Since i'm in full control of my reality, the god of this universe won't be able yo strip me from my powers, which, in turn will maintain my godly powers forever.
Then, i'd make all life in the universe as young women, loyal to me. And in order to reproduce, their clitoris could become a penis whenever they want.
Loli species would also be added with the same traits.
I'd then go into a deep slumber and be born as the legendary male, with no memories of being God, in order to gain life experience.
After dying, i'd return to my godly form, picking another life to experience.
So, i'd just keep repeating this cycle for all eternity.

And if you faggots worship me in order to make me more powerful, i'd give you a life in my universe as legendary males and the ability to reincarnate.

the sexual thirst is strong

>IQ number is always based on current average.
yeah no its not. thats not good science there. they did that in 2004 by introducing a new standard but its fucking bullshit.

causing Armageddon while singing:

Dies irae dies illa, Solvet saeclum in favilla: Teste David cum Sibylla.

Quantus tremor est futurus, Quando iudex est venturus, Cuncta stricte discussurus!

Tuba mirum spargens sonum Per sepulcra regionum Coget omnes ante thronum.

Mors stupebit et natura, Cum resurget creatura, Iudicanti responsura.

Liber scriptus proferetur, In quo totum continetur, Unde mundus iudicetur.

Iudex ergo cum sedebit, Quidquid latet apparebit: Nil inultum remanebit.

Quid sum miser tunc dicturus?

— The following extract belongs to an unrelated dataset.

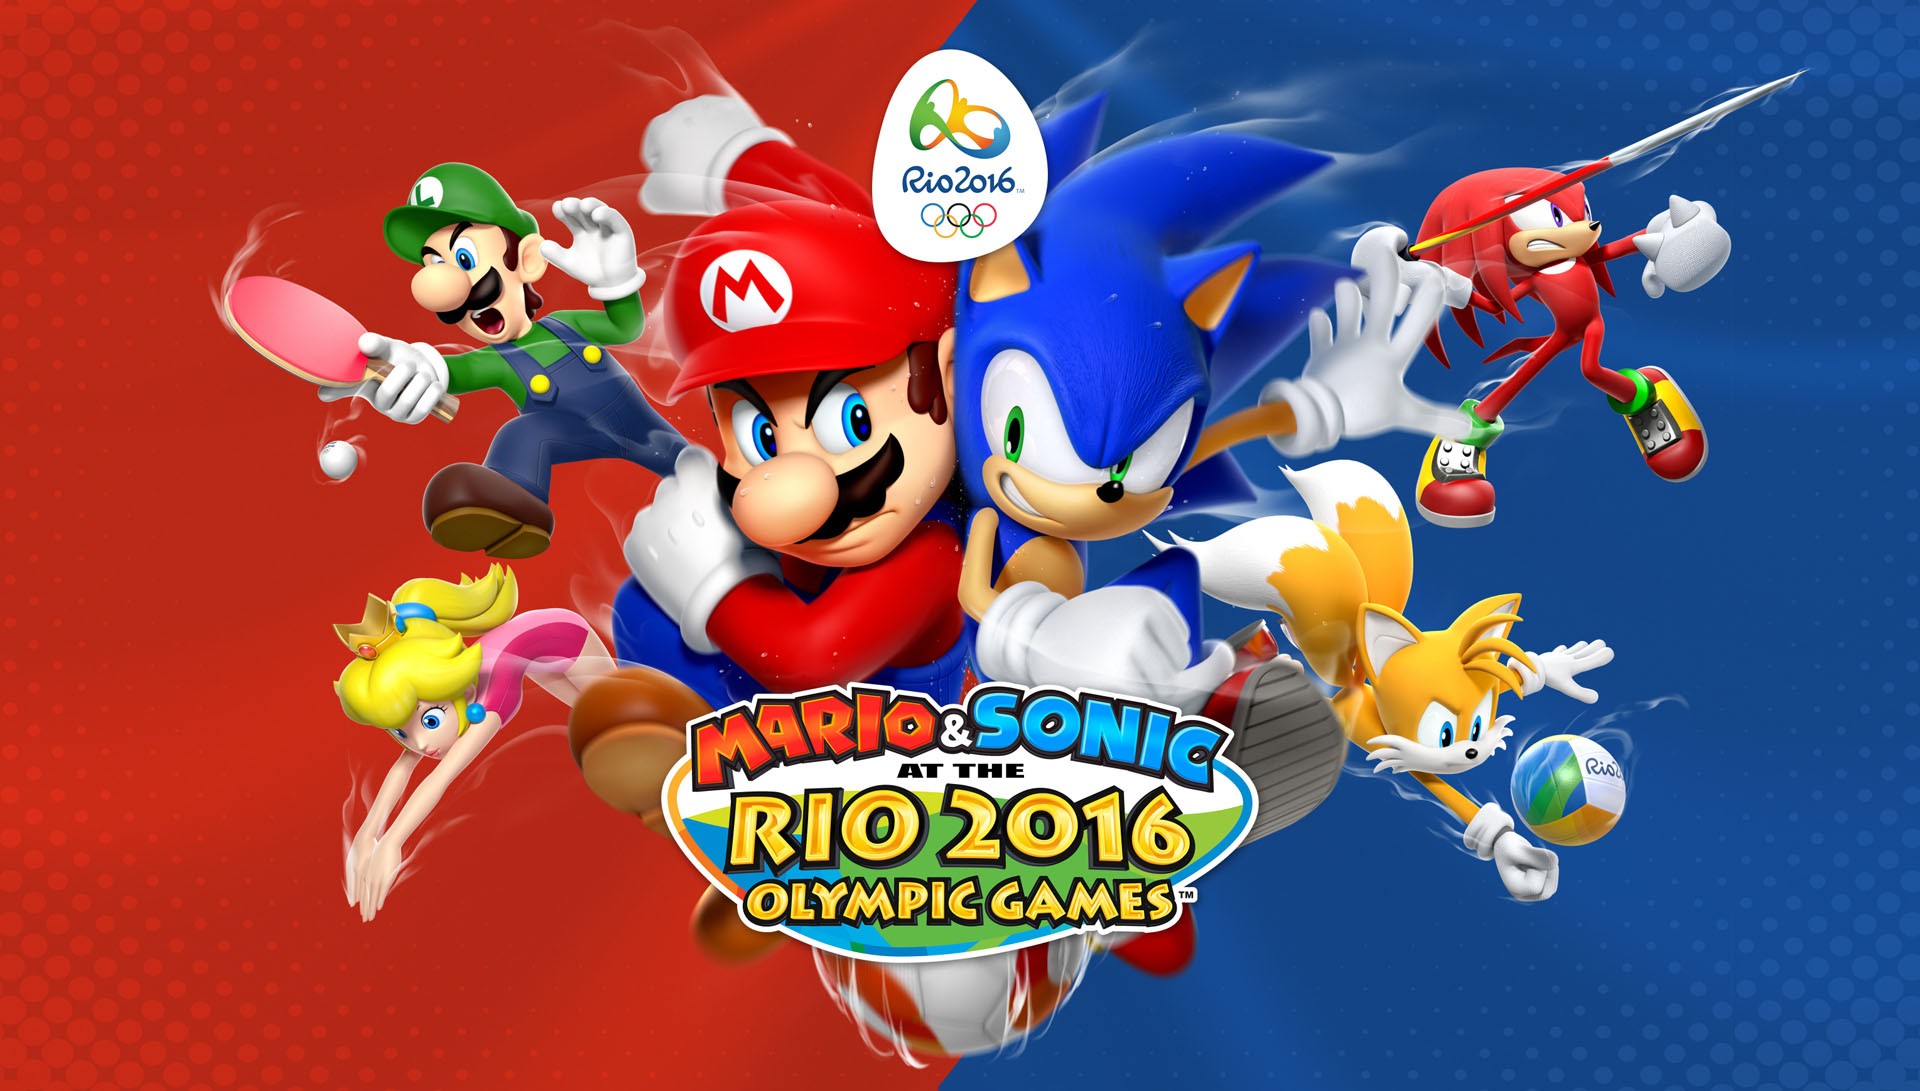 video Games, Artwork, Mario & Sonic At The Rio 2016 Olympic Games

Quem patronum rogaturus, Cum vix iustus sit securus?

Rex tremendae maiestatis, Qui salvandos salvas gratis: Salva me, fons pietatis.

Recordare Iesu pie, Quod sum causa tuae viae: Ne me perdas illa die.

Quaerens me, sedisti lassus: Redemisti crucem passus: Tantus labor non sit cassus.

Iuste iudex ultionis, Donum fac remissionis, Ante diem rationis.

Ingemisco, tamquam reus: Culpa rubet vultus meus: Supplicanti parce Deus.

Qui Mariam absolvisti, Et latronem exaudisti, Mihi quoque spem dedisti.

Preces meae non sunt dignae: Sed tu bonus fac benigne, Ne perenni cremer igne.

Inter oves locum praesta, Et ab haedis me sequestra, Statuens in parte dextra.

Confutatis maledictis, Flammis acribus addictis, Voca me cum benedictis.

Oro supplex et acclinis, Cor contritum quasi cinis: Gere curam mei finis.

Lacrimosa dies illa, Qua resurget ex favilla Iudicandus homo reus:

Huic ergo parce Deus. Pie Iesu Domine, dona eis requiem. Amen.

you couldnt find a youtube vid of that ?

What sucky latin you "use"

>the sexual thirst is strong
>Sup Forums

I'm throwing around insinuations of pedophilia and homosexuality because I like small boys but wish to deflect suspicion.